How to complete this task
Exactly as they appear, set down all of the records.

[Opening Provided information section]

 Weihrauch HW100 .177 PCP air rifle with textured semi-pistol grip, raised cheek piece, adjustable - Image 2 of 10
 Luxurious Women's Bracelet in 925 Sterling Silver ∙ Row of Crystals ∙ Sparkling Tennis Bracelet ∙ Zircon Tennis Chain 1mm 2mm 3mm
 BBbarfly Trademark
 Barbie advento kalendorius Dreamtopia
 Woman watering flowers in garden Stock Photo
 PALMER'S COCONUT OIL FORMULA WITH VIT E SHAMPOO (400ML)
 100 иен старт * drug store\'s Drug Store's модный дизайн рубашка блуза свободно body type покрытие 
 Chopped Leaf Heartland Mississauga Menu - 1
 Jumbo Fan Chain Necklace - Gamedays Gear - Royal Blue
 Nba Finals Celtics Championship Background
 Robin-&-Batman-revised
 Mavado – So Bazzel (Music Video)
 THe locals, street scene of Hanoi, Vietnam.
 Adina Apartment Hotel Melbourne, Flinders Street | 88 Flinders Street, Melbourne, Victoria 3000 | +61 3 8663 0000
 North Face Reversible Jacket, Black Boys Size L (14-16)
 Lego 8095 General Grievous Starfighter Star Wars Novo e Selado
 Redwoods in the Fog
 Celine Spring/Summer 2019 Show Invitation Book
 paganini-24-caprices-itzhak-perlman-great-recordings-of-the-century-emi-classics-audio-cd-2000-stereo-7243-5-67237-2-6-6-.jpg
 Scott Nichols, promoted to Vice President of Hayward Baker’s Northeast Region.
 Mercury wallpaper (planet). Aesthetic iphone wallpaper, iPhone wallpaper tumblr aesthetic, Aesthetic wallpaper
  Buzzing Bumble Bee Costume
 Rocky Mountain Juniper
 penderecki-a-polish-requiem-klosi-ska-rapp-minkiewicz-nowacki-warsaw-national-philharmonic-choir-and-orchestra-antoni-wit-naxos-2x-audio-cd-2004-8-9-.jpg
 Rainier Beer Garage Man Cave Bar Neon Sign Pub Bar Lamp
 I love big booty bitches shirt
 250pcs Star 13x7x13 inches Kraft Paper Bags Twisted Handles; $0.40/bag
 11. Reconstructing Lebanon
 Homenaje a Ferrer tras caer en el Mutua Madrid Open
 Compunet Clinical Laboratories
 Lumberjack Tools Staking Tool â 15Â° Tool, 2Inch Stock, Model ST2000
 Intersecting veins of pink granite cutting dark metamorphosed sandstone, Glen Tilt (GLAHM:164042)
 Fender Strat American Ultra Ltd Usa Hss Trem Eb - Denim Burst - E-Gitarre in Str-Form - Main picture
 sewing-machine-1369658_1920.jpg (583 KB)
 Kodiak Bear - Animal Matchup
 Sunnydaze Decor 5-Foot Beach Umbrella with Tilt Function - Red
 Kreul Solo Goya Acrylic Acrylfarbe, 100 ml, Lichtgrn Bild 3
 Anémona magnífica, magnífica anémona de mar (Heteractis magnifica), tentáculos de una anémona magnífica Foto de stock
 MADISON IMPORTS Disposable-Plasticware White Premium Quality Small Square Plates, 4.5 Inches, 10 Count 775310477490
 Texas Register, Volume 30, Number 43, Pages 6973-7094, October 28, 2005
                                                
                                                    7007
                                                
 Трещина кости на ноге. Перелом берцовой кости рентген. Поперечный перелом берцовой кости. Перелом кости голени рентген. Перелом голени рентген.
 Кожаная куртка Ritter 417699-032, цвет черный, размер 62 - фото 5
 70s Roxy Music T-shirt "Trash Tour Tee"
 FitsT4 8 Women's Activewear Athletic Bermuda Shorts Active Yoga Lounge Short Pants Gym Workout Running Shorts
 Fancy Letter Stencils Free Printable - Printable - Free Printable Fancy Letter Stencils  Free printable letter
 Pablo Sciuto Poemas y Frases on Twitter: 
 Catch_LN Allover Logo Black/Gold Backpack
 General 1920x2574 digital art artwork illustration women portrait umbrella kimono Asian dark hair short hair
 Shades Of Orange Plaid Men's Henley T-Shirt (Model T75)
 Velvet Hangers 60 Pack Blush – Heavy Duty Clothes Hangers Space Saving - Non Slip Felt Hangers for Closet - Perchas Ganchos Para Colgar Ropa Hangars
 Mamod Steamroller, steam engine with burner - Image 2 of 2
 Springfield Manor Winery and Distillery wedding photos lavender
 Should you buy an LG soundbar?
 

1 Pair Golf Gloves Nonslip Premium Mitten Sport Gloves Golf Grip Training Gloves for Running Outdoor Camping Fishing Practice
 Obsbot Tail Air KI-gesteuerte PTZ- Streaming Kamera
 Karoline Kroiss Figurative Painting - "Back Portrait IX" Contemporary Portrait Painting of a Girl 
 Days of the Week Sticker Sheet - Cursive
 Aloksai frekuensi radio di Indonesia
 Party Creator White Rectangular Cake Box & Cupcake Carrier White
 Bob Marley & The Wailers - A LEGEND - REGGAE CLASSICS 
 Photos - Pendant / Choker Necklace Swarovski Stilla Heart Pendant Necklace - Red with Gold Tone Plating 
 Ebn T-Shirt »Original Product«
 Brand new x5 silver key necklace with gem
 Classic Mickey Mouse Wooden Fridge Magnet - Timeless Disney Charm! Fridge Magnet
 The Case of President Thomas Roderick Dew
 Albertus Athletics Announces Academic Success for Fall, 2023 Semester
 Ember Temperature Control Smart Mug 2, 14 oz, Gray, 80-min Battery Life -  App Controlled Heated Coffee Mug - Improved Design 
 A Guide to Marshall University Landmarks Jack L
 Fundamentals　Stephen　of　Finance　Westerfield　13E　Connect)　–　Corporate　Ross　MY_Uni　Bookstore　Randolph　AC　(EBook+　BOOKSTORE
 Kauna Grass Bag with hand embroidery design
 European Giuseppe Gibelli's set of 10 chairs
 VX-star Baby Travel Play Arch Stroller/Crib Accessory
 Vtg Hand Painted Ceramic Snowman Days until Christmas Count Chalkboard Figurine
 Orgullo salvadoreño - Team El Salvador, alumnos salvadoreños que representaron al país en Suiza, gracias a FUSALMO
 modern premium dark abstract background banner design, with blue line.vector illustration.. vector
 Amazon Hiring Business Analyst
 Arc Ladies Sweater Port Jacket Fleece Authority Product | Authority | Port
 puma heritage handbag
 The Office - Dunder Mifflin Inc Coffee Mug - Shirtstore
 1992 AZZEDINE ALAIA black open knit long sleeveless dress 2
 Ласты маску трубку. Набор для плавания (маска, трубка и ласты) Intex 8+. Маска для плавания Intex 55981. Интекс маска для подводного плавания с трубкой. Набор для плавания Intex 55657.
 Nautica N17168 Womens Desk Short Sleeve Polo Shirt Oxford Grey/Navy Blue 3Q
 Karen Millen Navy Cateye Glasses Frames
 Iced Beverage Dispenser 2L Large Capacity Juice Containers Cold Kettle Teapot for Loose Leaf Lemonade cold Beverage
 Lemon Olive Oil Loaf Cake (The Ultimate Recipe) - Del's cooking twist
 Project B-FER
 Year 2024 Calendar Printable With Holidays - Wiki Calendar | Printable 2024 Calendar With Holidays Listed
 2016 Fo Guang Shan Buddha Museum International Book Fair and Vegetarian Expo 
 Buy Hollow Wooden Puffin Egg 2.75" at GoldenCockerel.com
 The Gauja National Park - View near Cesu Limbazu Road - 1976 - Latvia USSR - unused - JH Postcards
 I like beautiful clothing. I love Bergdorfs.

[Closing Provided information section]

Solution to this problem
 Weihrauch HW100 .177 PCP air rifle with textured semi-pistol grip, raised cheek piece, adjustable - Image 2 of 10
 Luxurious Women's Bracelet in 925 Sterling Silver ∙ Row of Crystals ∙ Sparkling Tennis Bracelet ∙ Zircon Tennis Chain 1mm 2mm 3mm
 BBbarfly Trademark
 Barbie advento kalendorius Dreamtopia
 Woman watering flowers in garden Stock Photo
 PALMER'S COCONUT OIL FORMULA WITH VIT E SHAMPOO (400ML)
 100 иен старт * drug store\'s Drug Store's модный дизайн рубашка блуза свободно body type покрытие 
 Chopped Leaf Heartland Mississauga Menu - 1
 Jumbo Fan Chain Necklace - Gamedays Gear - Royal Blue
 Nba Finals Celtics Championship Background
 Robin-&-Batman-revised
 Mavado – So Bazzel (Music Video)
 THe locals, street scene of Hanoi, Vietnam.
 Adina Apartment Hotel Melbourne, Flinders Street | 88 Flinders Street, Melbourne, Victoria 3000 | +61 3 8663 0000
 North Face Reversible Jacket, Black Boys Size L (14-16)
 Lego 8095 General Grievous Starfighter Star Wars Novo e Selado
 Redwoods in the Fog
 Celine Spring/Summer 2019 Show Invitation Book
 paganini-24-caprices-itzhak-perlman-great-recordings-of-the-century-emi-classics-audio-cd-2000-stereo-7243-5-67237-2-6-6-.jpg
 Scott Nichols, promoted to Vice President of Hayward Baker’s Northeast Region.
 Mercury wallpaper (planet). Aesthetic iphone wallpaper, iPhone wallpaper tumblr aesthetic, Aesthetic wallpaper
  Buzzing Bumble Bee Costume
 Rocky Mountain Juniper
 penderecki-a-polish-requiem-klosi-ska-rapp-minkiewicz-nowacki-warsaw-national-philharmonic-choir-and-orchestra-antoni-wit-naxos-2x-audio-cd-2004-8-9-.jpg
 Rainier Beer Garage Man Cave Bar Neon Sign Pub Bar Lamp
 I love big booty bitches shirt
 250pcs Star 13x7x13 inches Kraft Paper Bags Twisted Handles; $0.40/bag
 11. Reconstructing Lebanon
 Homenaje a Ferrer tras caer en el Mutua Madrid Open
 Compunet Clinical Laboratories
 Lumberjack Tools Staking Tool â 15Â° Tool, 2Inch Stock, Model ST2000
 Intersecting veins of pink granite cutting dark metamorphosed sandstone, Glen Tilt (GLAHM:164042)
 Fender Strat American Ultra Ltd Usa Hss Trem Eb - Denim Burst - E-Gitarre in Str-Form - Main picture
 sewing-machine-1369658_1920.jpg (583 KB)
 Kodiak Bear - Animal Matchup
 Sunnydaze Decor 5-Foot Beach Umbrella with Tilt Function - Red
 Kreul Solo Goya Acrylic Acrylfarbe, 100 ml, Lichtgrn Bild 3
 Anémona magnífica, magnífica anémona de mar (Heteractis magnifica), tentáculos de una anémona magnífica Foto de stock
 MADISON IMPORTS Disposable-Plasticware White Premium Quality Small Square Plates, 4.5 Inches, 10 Count 775310477490
 Texas Register, Volume 30, Number 43, Pages 6973-7094, October 28, 2005
                                                
                                                    7007
                                                
 Трещина кости на ноге. Перелом берцовой кости рентген. Поперечный перелом берцовой кости. Перелом кости голени рентген. Перелом голени рентген.
 Кожаная куртка Ritter 417699-032, цвет черный, размер 62 - фото 5
 70s Roxy Music T-shirt "Trash Tour Tee"
 FitsT4 8 Women's Activewear Athletic Bermuda Shorts Active Yoga Lounge Short Pants Gym Workout Running Shorts
 Fancy Letter Stencils Free Printable - Printable - Free Printable Fancy Letter Stencils  Free printable letter
 Pablo Sciuto Poemas y Frases on Twitter: 
 Catch_LN Allover Logo Black/Gold Backpack
 General 1920x2574 digital art artwork illustration women portrait umbrella kimono Asian dark hair short hair
 Shades Of Orange Plaid Men's Henley T-Shirt (Model T75)
 Velvet Hangers 60 Pack Blush – Heavy Duty Clothes Hangers Space Saving - Non Slip Felt Hangers for Closet - Perchas Ganchos Para Colgar Ropa Hangars
 Mamod Steamroller, steam engine with burner - Image 2 of 2
 Springfield Manor Winery and Distillery wedding photos lavender
 Should you buy an LG soundbar?
 

1 Pair Golf Gloves Nonslip Premium Mitten Sport Gloves Golf Grip Training Gloves for Running Outdoor Camping Fishing Practice
 Obsbot Tail Air KI-gesteuerte PTZ- Streaming Kamera
 Karoline Kroiss Figurative Painting - "Back Portrait IX" Contemporary Portrait Painting of a Girl 
 Days of the Week Sticker Sheet - Cursive
 Aloksai frekuensi radio di Indonesia
 Party Creator White Rectangular Cake Box & Cupcake Carrier White
 Bob Marley & The Wailers - A LEGEND - REGGAE CLASSICS 
 Photos - Pendant / Choker Necklace Swarovski Stilla Heart Pendant Necklace - Red with Gold Tone Plating 
 Ebn T-Shirt »Original Product«
 Brand new x5 silver key necklace with gem
 Classic Mickey Mouse Wooden Fridge Magnet - Timeless Disney Charm! Fridge Magnet
 The Case of President Thomas Roderick Dew
 Albertus Athletics Announces Academic Success for Fall, 2023 Semester
 Ember Temperature Control Smart Mug 2, 14 oz, Gray, 80-min Battery Life -  App Controlled Heated Coffee Mug - Improved Design 
 A Guide to Marshall University Landmarks Jack L
 Fundamentals　Stephen　of　Finance　Westerfield　13E　Connect)　–　Corporate　Ross　MY_Uni　Bookstore　Randolph　AC　(EBook+　BOOKSTORE
 Kauna Grass Bag with hand embroidery design
 European Giuseppe Gibelli's set of 10 chairs
 VX-star Baby Travel Play Arch Stroller/Crib Accessory
 Vtg Hand Painted Ceramic Snowman Days until Christmas Count Chalkboard Figurine
 Orgullo salvadoreño - Team El Salvador, alumnos salvadoreños que representaron al país en Suiza, gracias a FUSALMO
 modern premium dark abstract background banner design, with blue line.vector illustration.. vector
 Amazon Hiring Business Analyst
 Arc Ladies Sweater Port Jacket Fleece Authority Product | Authority | Port
 puma heritage handbag
 The Office - Dunder Mifflin Inc Coffee Mug - Shirtstore
 1992 AZZEDINE ALAIA black open knit long sleeveless dress 2
 Ласты маску трубку. Набор для плавания (маска, трубка и ласты) Intex 8+. Маска для плавания Intex 55981. Интекс маска для подводного плавания с трубкой. Набор для плавания Intex 55657.
 Nautica N17168 Womens Desk Short Sleeve Polo Shirt Oxford Grey/Navy Blue 3Q
 Karen Millen Navy Cateye Glasses Frames
 Iced Beverage Dispenser 2L Large Capacity Juice Containers Cold Kettle Teapot for Loose Leaf Lemonade cold Beverage
 Lemon Olive Oil Loaf Cake (The Ultimate Recipe) - Del's cooking twist
 Project B-FER
 Year 2024 Calendar Printable With Holidays - Wiki Calendar | Printable 2024 Calendar With Holidays Listed
 2016 Fo Guang Shan Buddha Museum International Book Fair and Vegetarian Expo 
 Buy Hollow Wooden Puffin Egg 2.75" at GoldenCockerel.com
 The Gauja National Park - View near Cesu Limbazu Road - 1976 - Latvia USSR - unused - JH Postcards
 I like beautiful clothing. I love Bergdorfs.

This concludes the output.